Extracted information:
□ □ □ □ □ □ □

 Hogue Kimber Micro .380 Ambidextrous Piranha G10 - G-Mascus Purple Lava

□ □ □ □ □ □ □

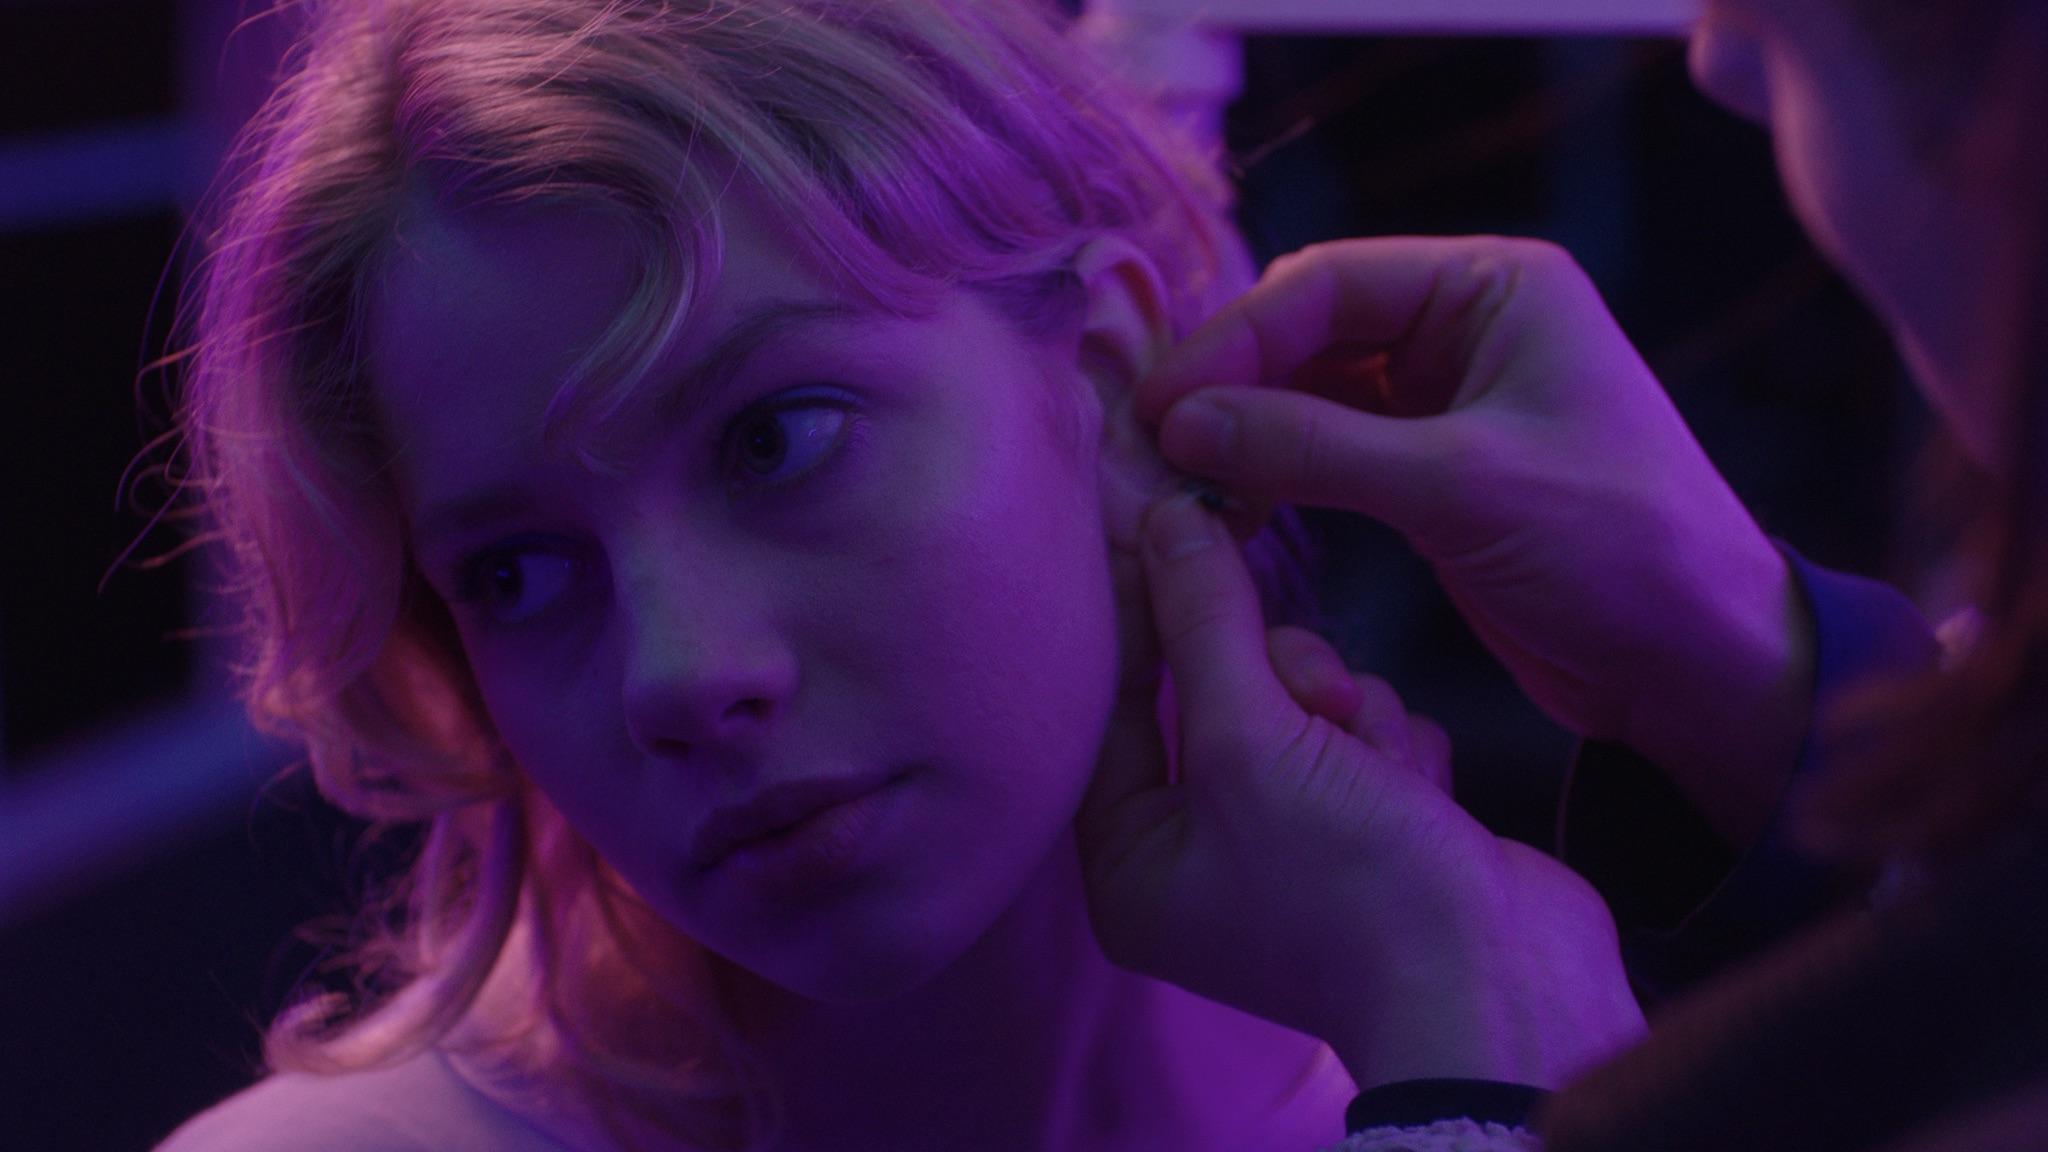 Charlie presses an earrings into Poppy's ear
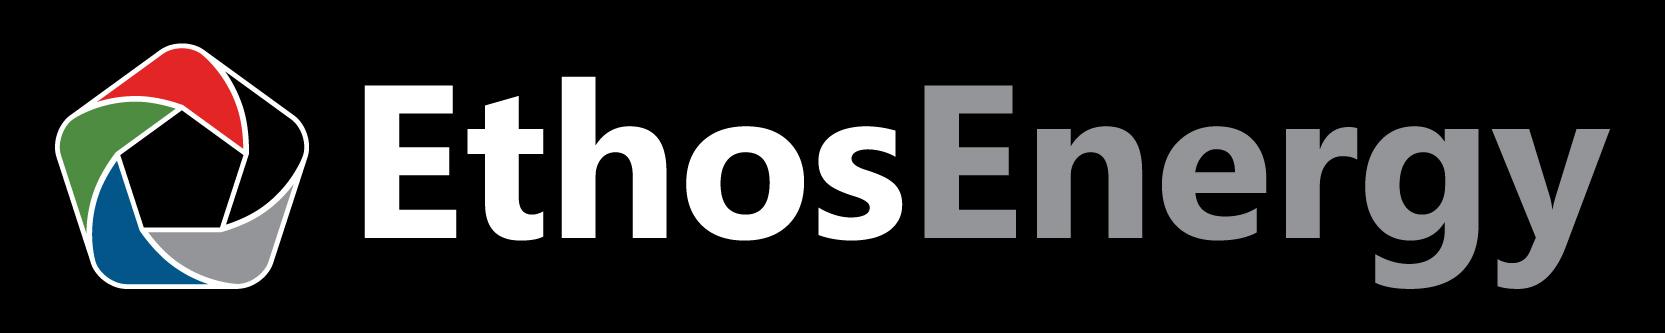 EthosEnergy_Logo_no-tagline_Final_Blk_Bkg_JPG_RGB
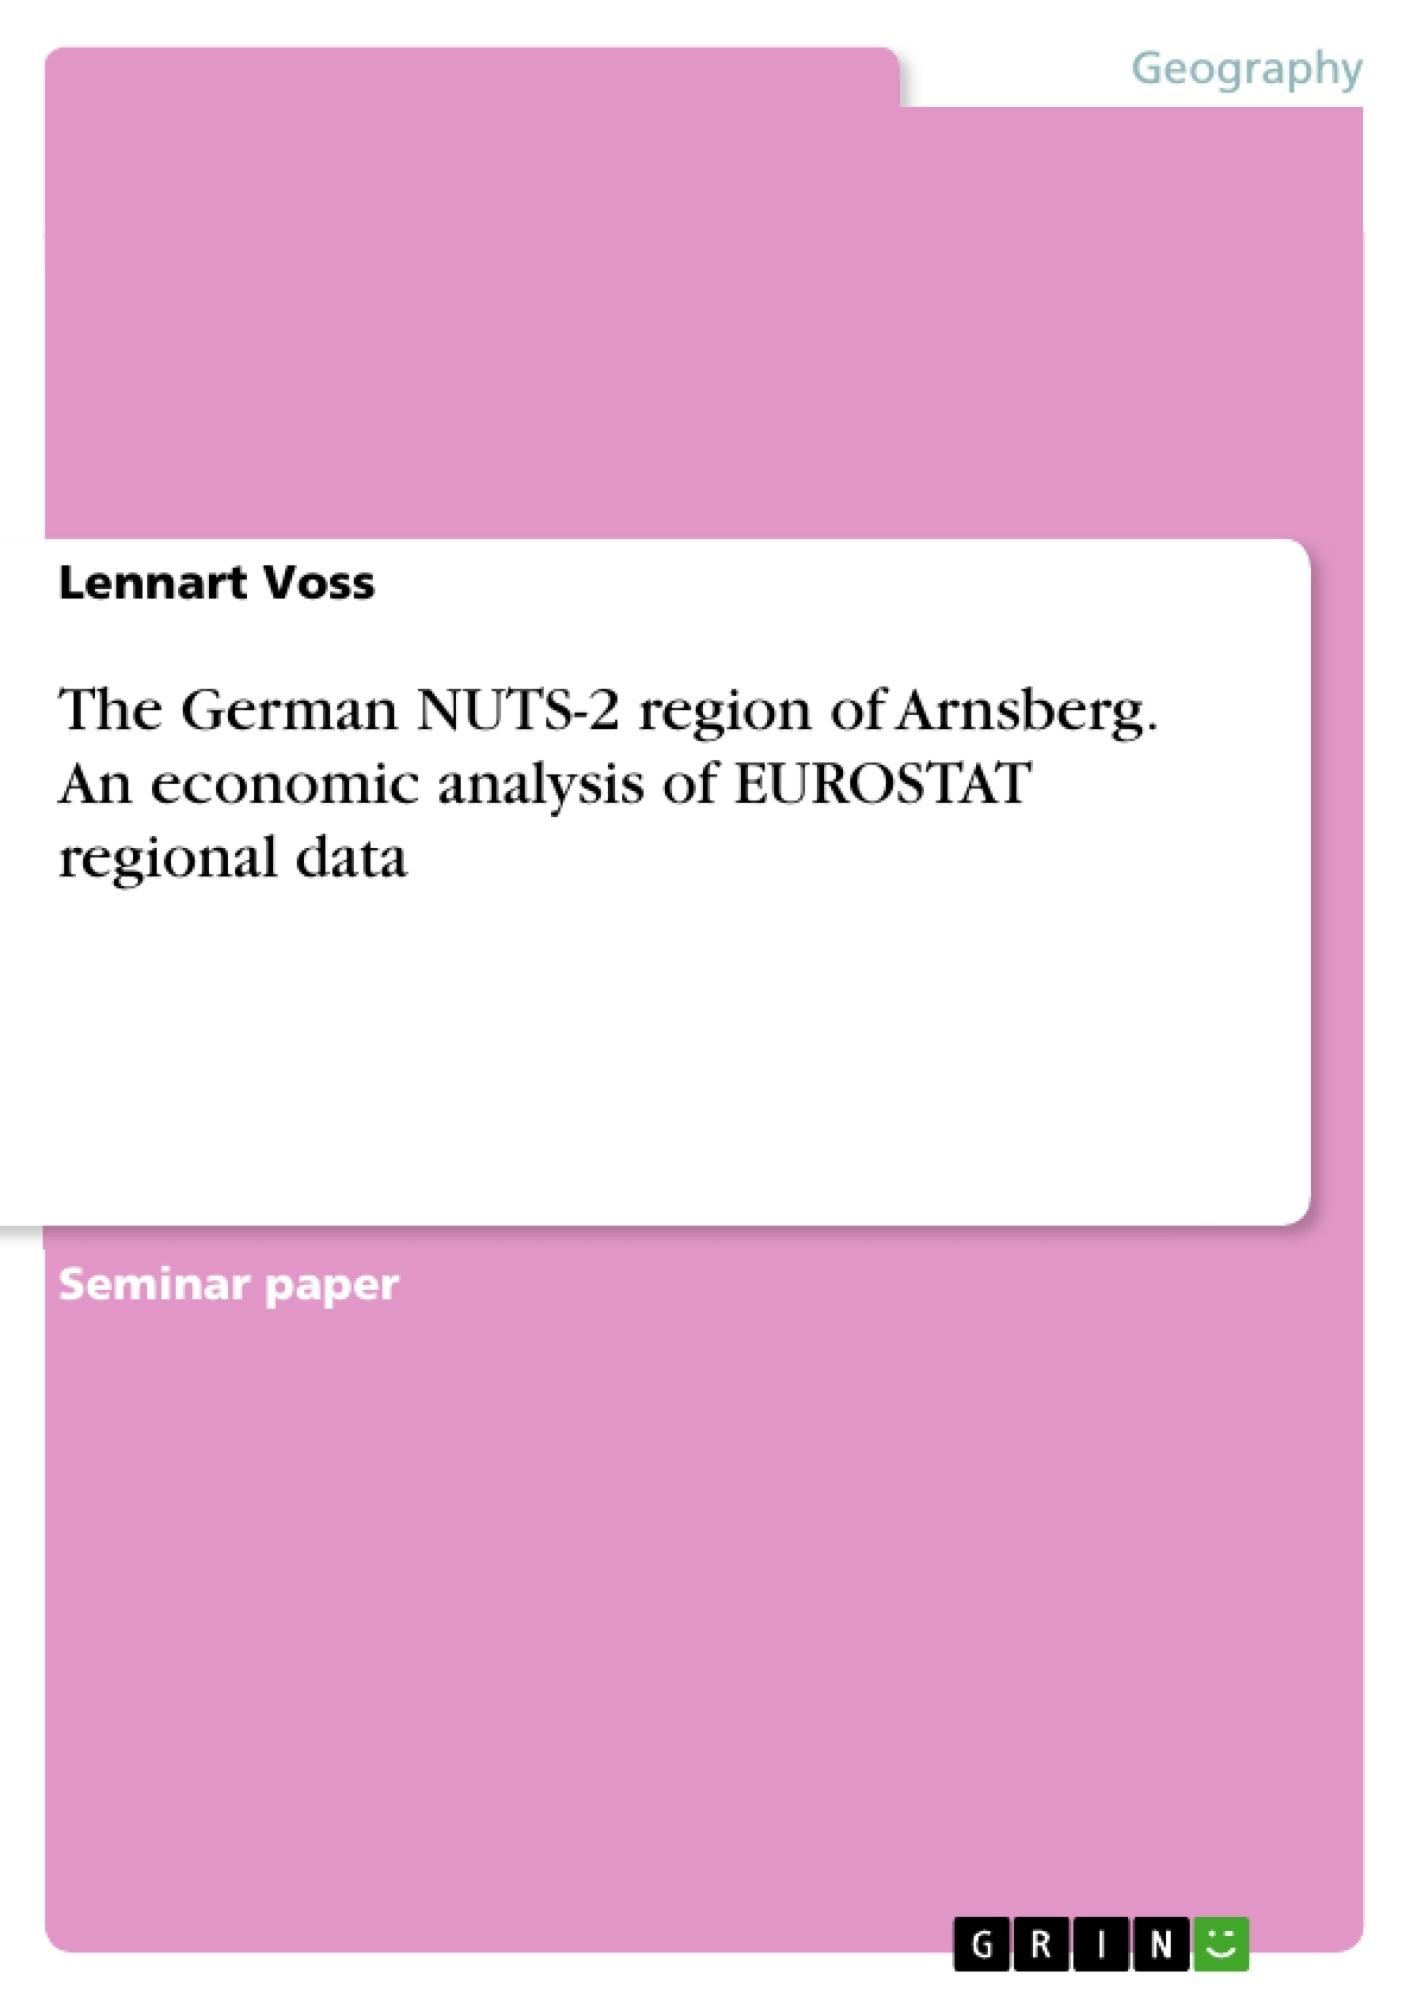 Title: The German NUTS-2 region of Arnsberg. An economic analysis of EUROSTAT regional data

□ □ □ □ □ □ □

Word for word, retype the lines in the entries above that run from the one with "EthosEnergy_Logo_no-tagline_Final_Blk_Bkg_JPG_RGB" through the one with "Title: The German". Both ends count; pictures do not.

Answer area:
 EthosEnergy_Logo_no-tagline_Final_Blk_Bkg_JPG_RGB
 Title: The German NUTS-2 region of Arnsberg. An economic analysis of EUROSTAT regional data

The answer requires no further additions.